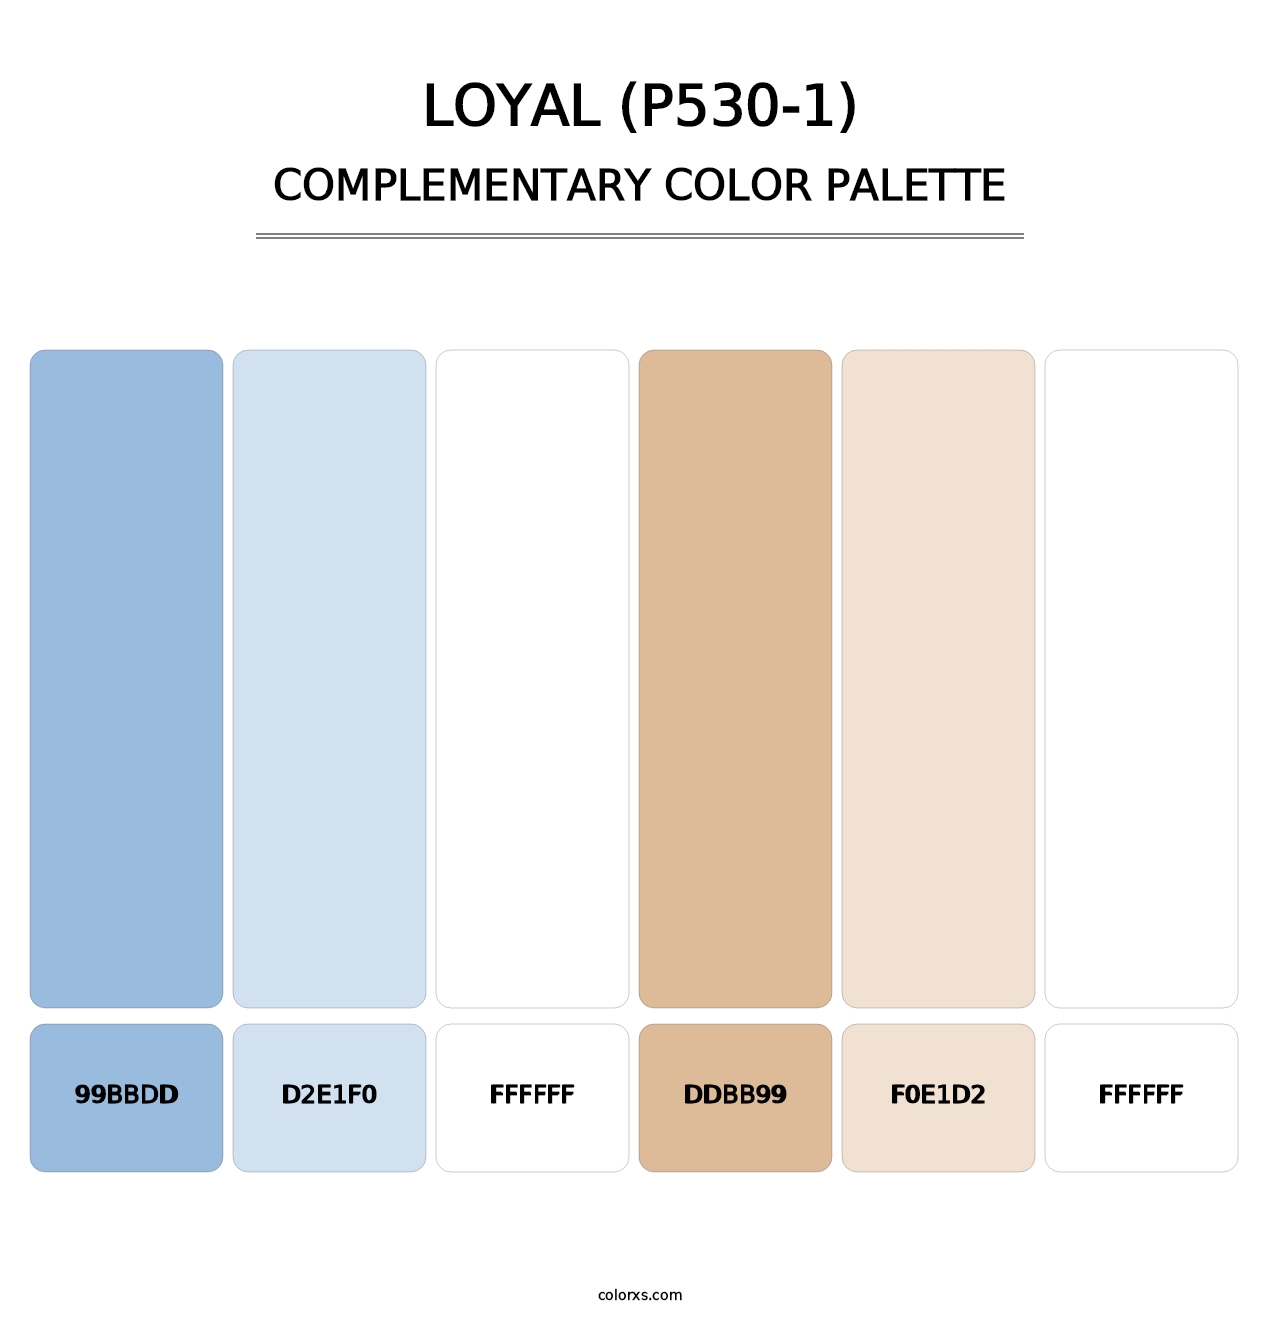 Loyal (P530-1) - Complementary Color Palette
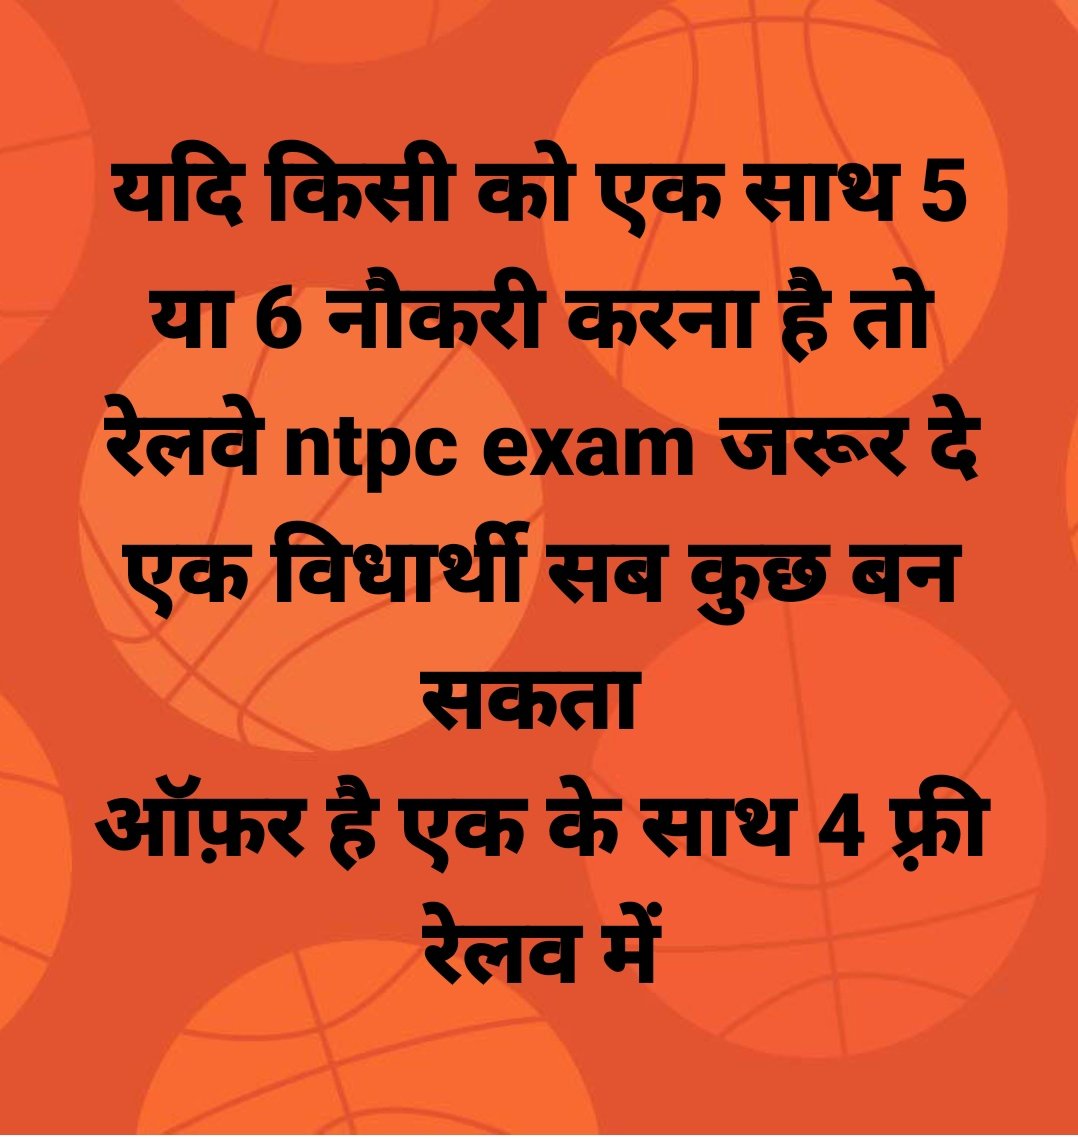 #NTPC1_student_1result 
#ntpc_cbt_1_revise_result
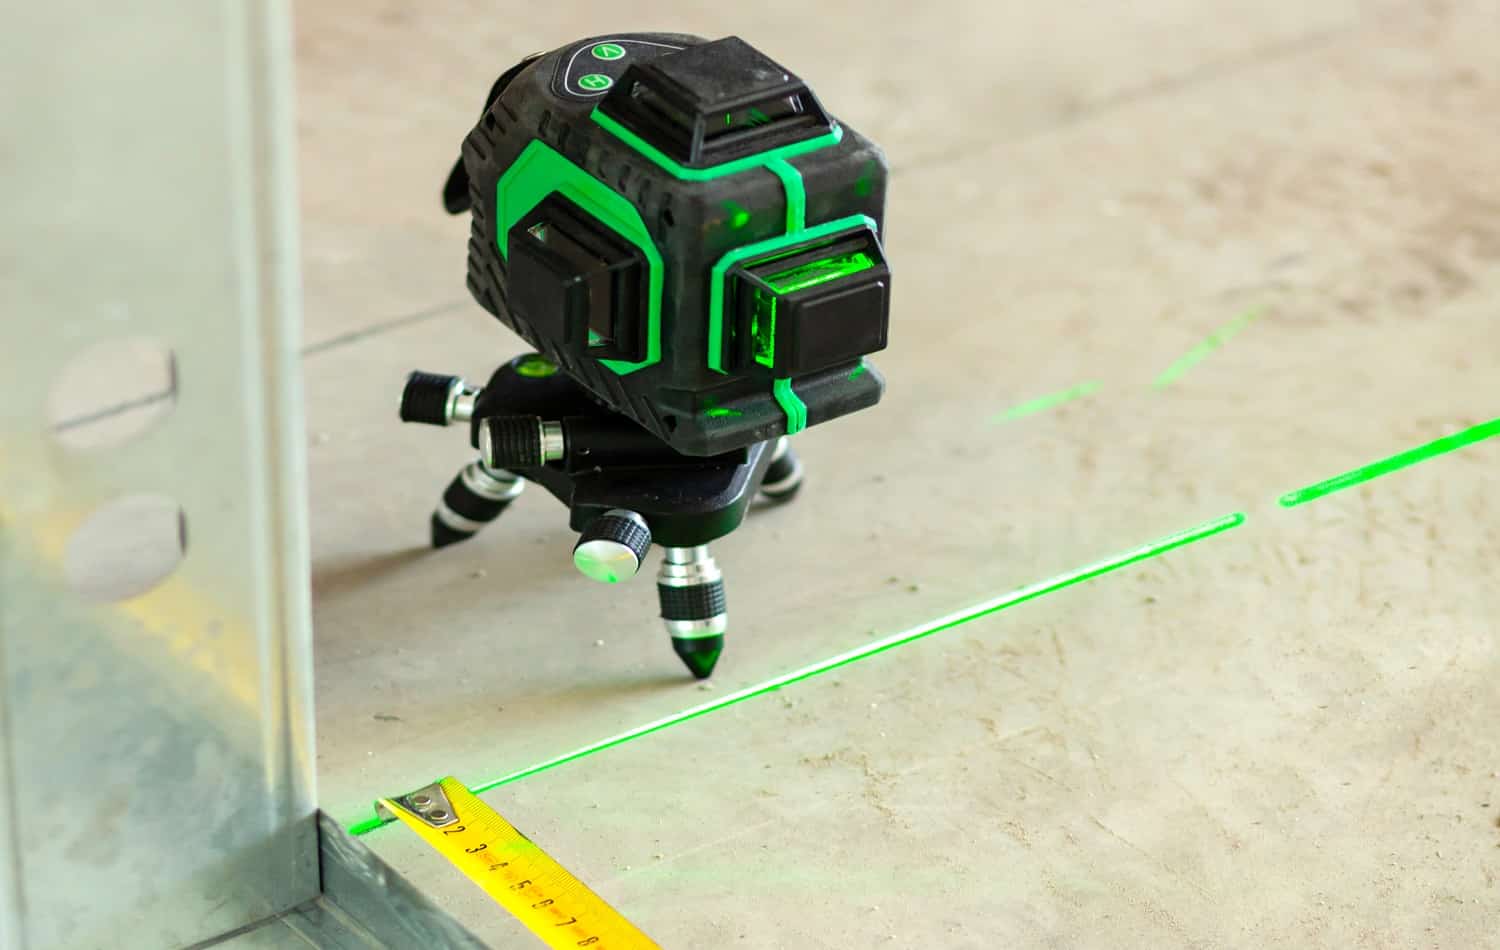 Laser level measuring tool for the installation of an aluminum structure for fixing plasterboard panels.

-- Assignment --
Without including any picture, set down every line above exactly as it stands.

-- Exercise answer --
 Loyal (P530-1) - Complementary Color Palette
 #NTPC1_student_1result 
#ntpc_cbt_1_revise_result
 Laser level measuring tool for the installation of an aluminum structure for fixing plasterboard panels.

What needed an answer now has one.